New Job….New Boss
March 17th, 2011Well, you have done it: landed that terrific new position. And here is where the work begins!
A wonderful career writer, Tom Jackson, said: “ A job is something you do, not something you get.” Your job search may be over, and your on-boarding is just beginning.
And, with it, all of your self-management, relationship nurturing, thoughtful messaging and marketing skills that you honed during the interview process will be called upon even more. Just as you mapped out a search campaign, prepared for interviews, followed up, did your research, and conducted thorough due diligence while pursuing your new position, you will need to position yourself to be effective with your new boss, colleagues and reports from the very first day.
Some things to consider:
- Contract with Your Boss: Set priorities based on how s/he defines success. If you don’t know clearly what they are, ask.
- Absorb Before Acting: Understand the culture, the chain of command (formal and informal), the potential and the resistances before taking action….especially if you were brought in to be a change agent.
- Align Yourself Cautiously: Find out who the influencers, informers, historians, insiders and outsiders are before forging allies or defining adversaries.
- Ask Many, Many Questions: Learn how decisions really get made and by whom, find out whose success depends on you, discern the most immediate concerns, and whether the culture and stakeholders will support your vision/mission.
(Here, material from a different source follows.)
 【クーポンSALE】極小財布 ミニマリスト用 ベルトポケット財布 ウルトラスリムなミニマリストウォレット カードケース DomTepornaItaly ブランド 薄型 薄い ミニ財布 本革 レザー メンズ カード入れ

- Perform a Staff SWOT: Interview and assess key players and all of your staff members individually to better understand their expectations, needs, issues, conflicts, goals, frustrations, dreams.
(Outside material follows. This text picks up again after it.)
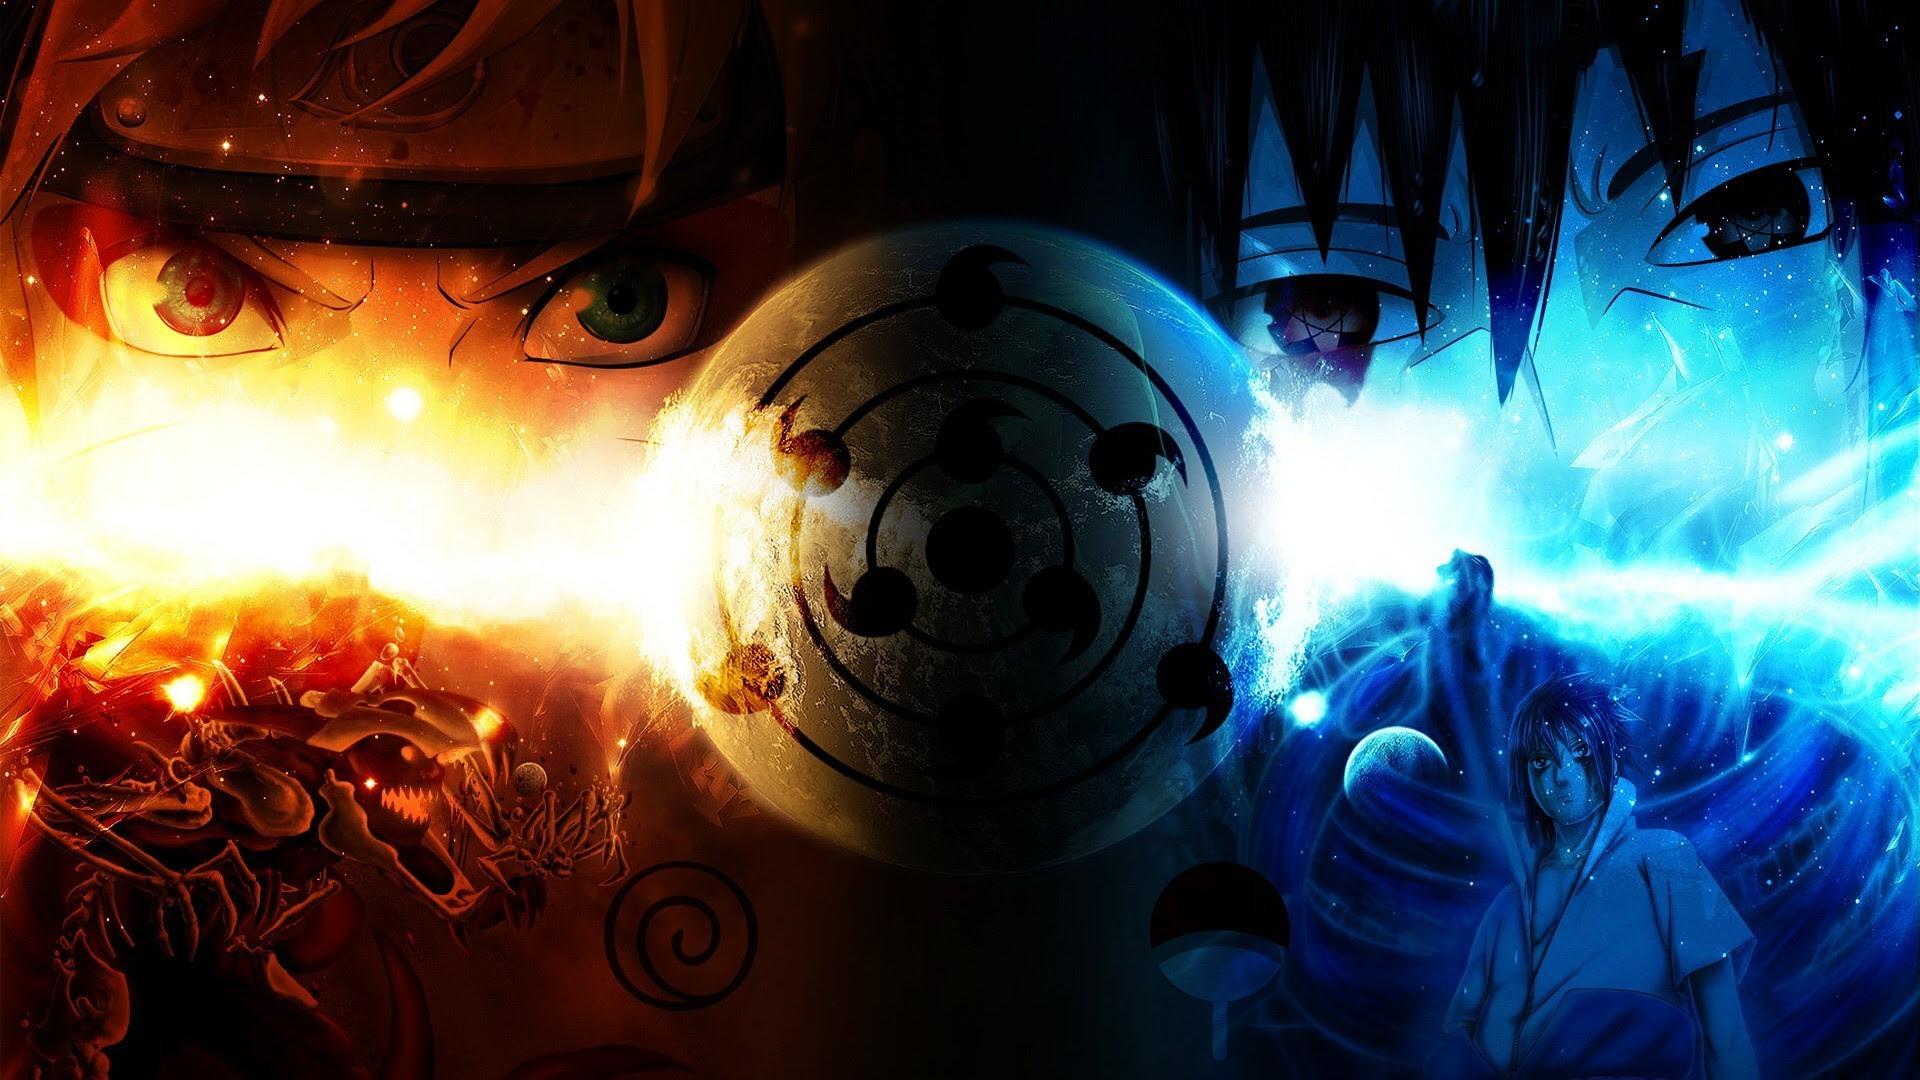 Unduh 650+ Naruto Wallpaper En Hd HD Paling Keren

- Plan a Few Early Wins: Engage in information gathering, feedback, float pilots and small projects to measure the reaction to small, incremental changes. Build on achievement and successes and acknowledge generously. Recognize and shape desired behaviors, business initiatives, and ideas.
- Attend to Style: Focus on feedback and self-awareness…adapt style to context. Balance drive with an empathy for the challenges change and transition create. Be accessible, steady and inspirational.
- Think, Plan and Act Forward: Avoid the tendency to compare your new home to the one you just left.